The stelae themselves were mostly artistic and stylized, and various decorations and religious symbols are engraved on them, often related to the content of the inscriptions. The most common symbols are Sign of Tinnit, a crescent with a disc, a hand or two spread up, and Caduceus. The first sign, called "Sign of Tinnit", symbolizes according to most researchers the goddess Tinnit; her common epithet, pn bʿl appears as ΦΑΝΗΒΑΛΟΣ on a coin from Ashkelon near the symbol of Tinnit. The second symbol, a crescent with a disc, is the symbol of Baʿal Ḥammon; it appears on stelae dedicated to both Tinnit and Baal Hammon or only to Baal Hammon, but does not appear on stelae dedicated only to Tinnit. Moreover, the symbol appears on stelae from Samʼal, on which Baal Hammon is mentioned (like Kilamuwa stele). The Caduceus might symbolize both gods in some sort of a joint cult, but it exact meaning remains unknown.

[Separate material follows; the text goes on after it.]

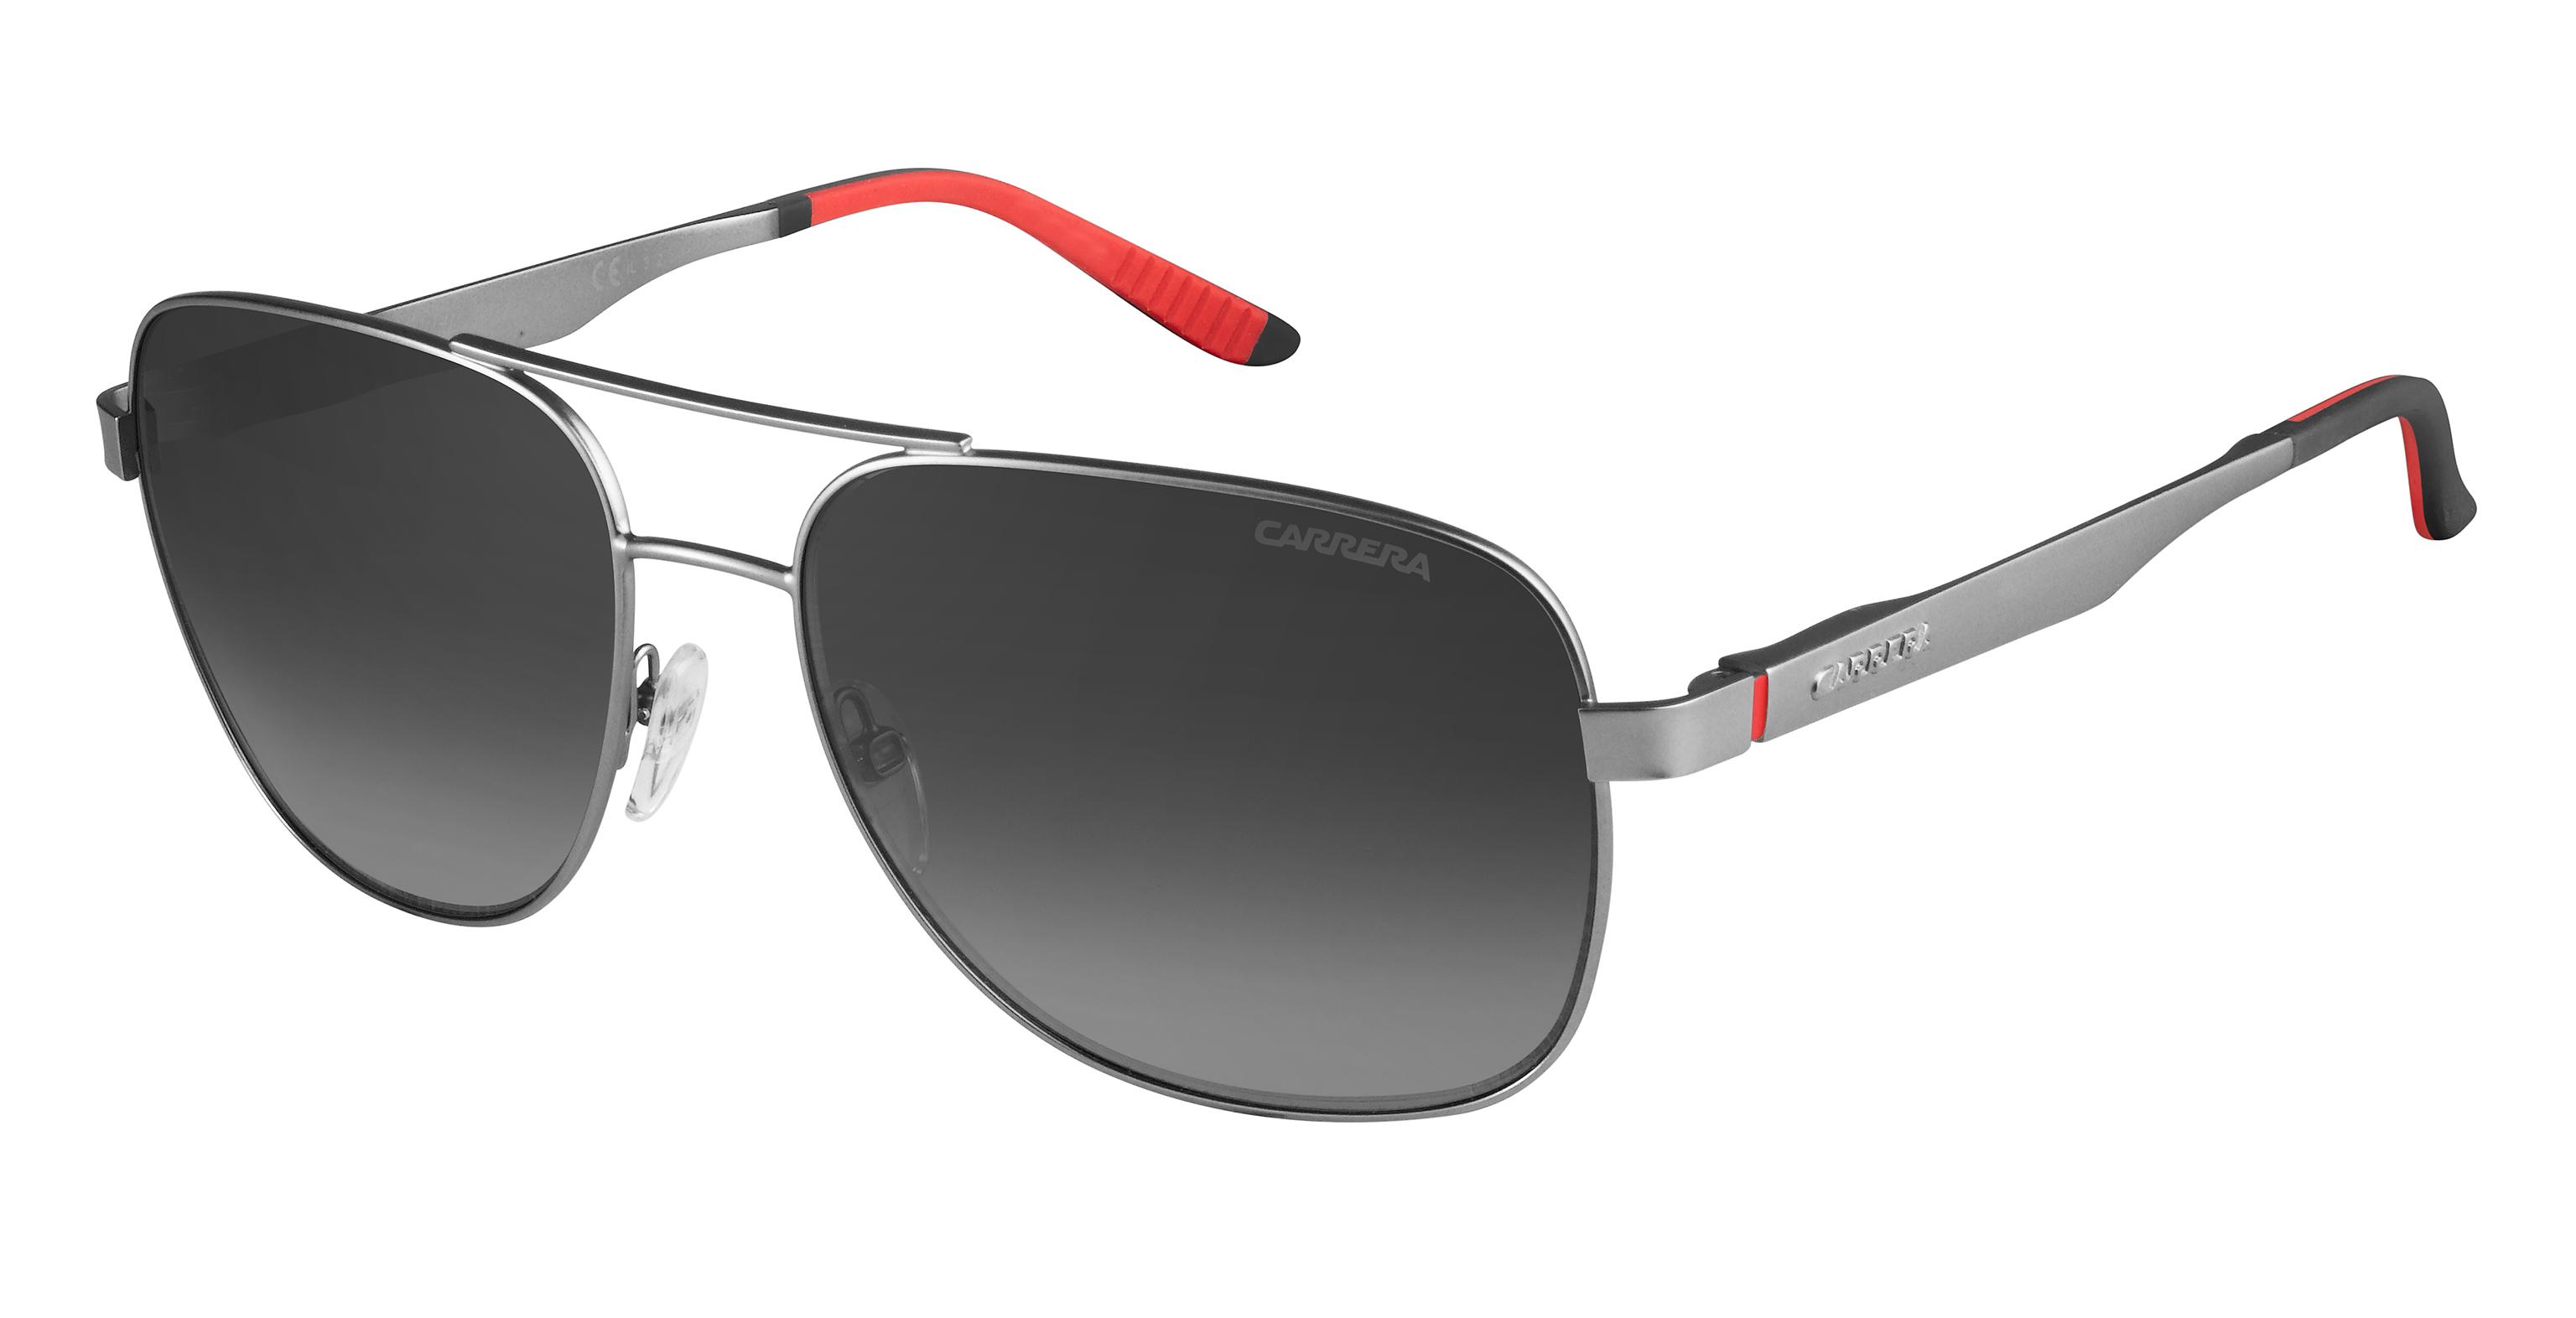 Carrera Men's Polarized Sunglasses (Grey)  $44 + Free Shipping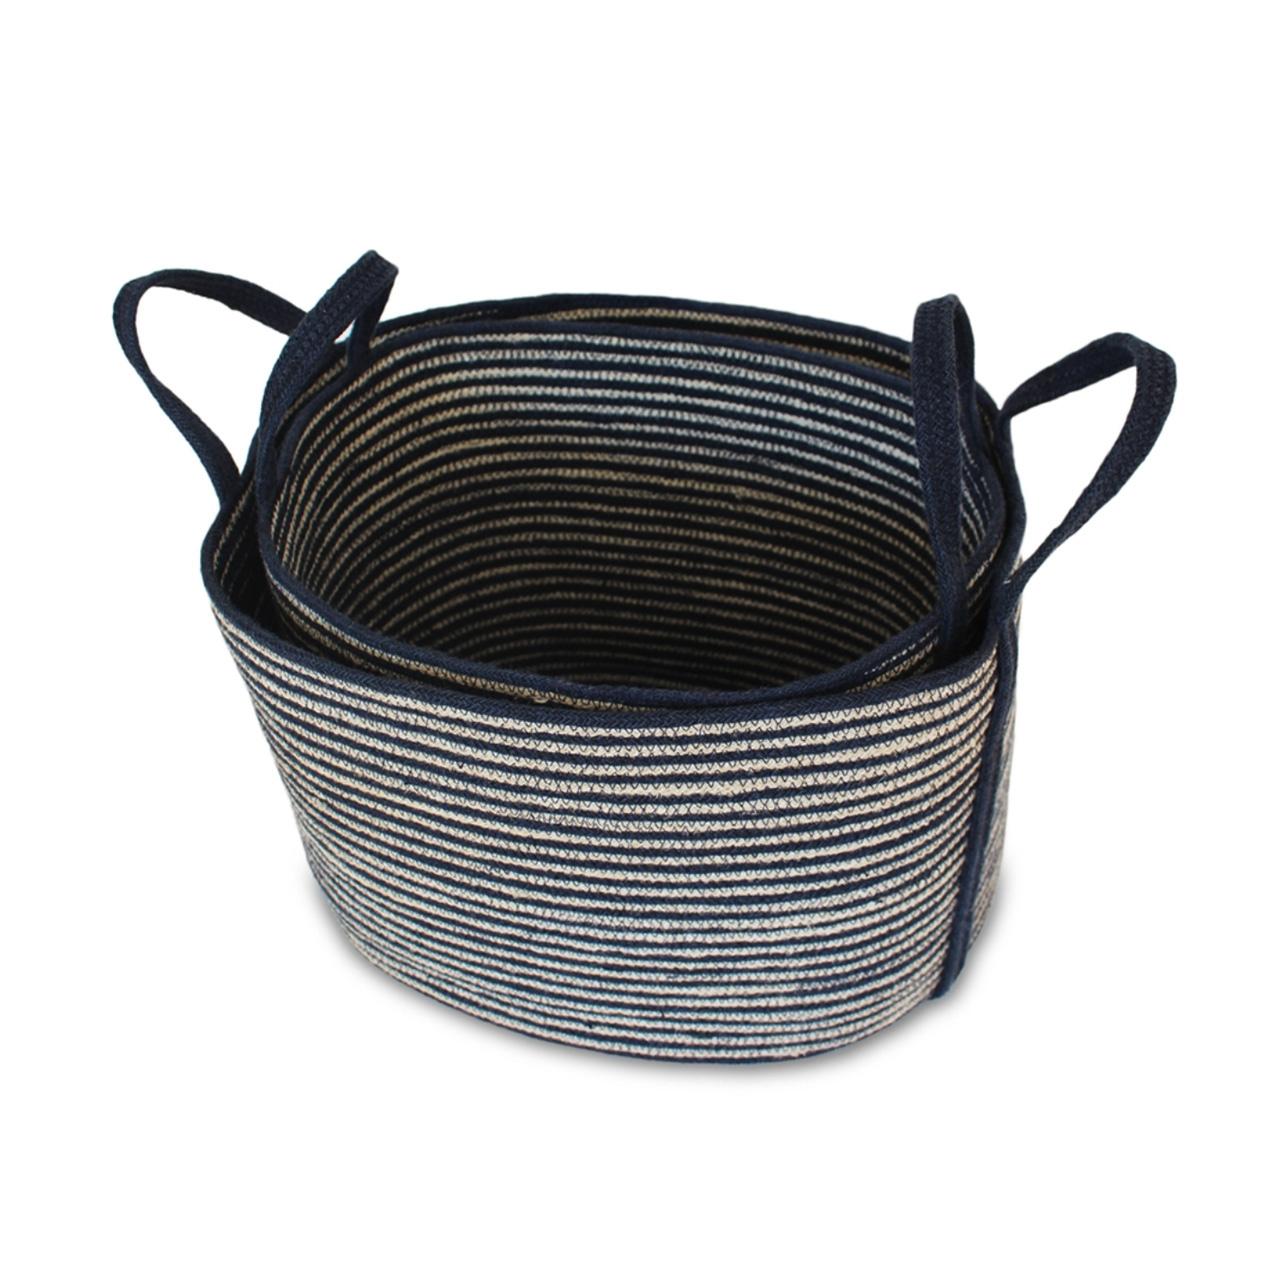 Jute Oval Tote Laundry Basket - Large-3

The epithet pn bʿl ("the face of Baal") is reflected on Punic masks of faces from Carthage, featuring the symbol of Baal Hammon on them, literally the "face of Baal" – pn bʿl. Some of the characteristics of this cult are tied to the Canaanite cult in Hazor, where (in its Orthostat temple) a stele, with a crescent with a disc and two hand spread ur towards them, was found. In the courtyard of the temple's workshop, a clay mask with no beard or mustache was found, similar to the Punic masks.

Lilybaeum stele, which was found near Motya – a Punic governmental centre in Sicily, bears a votive inscription, as well as symbols of Tinnit and Baal Hammon, Caduceus, an incense burner and a Priest spreads his right hand up, as well as a depiction of a line of stelae on a stage, similar to the stelae found in Hazor.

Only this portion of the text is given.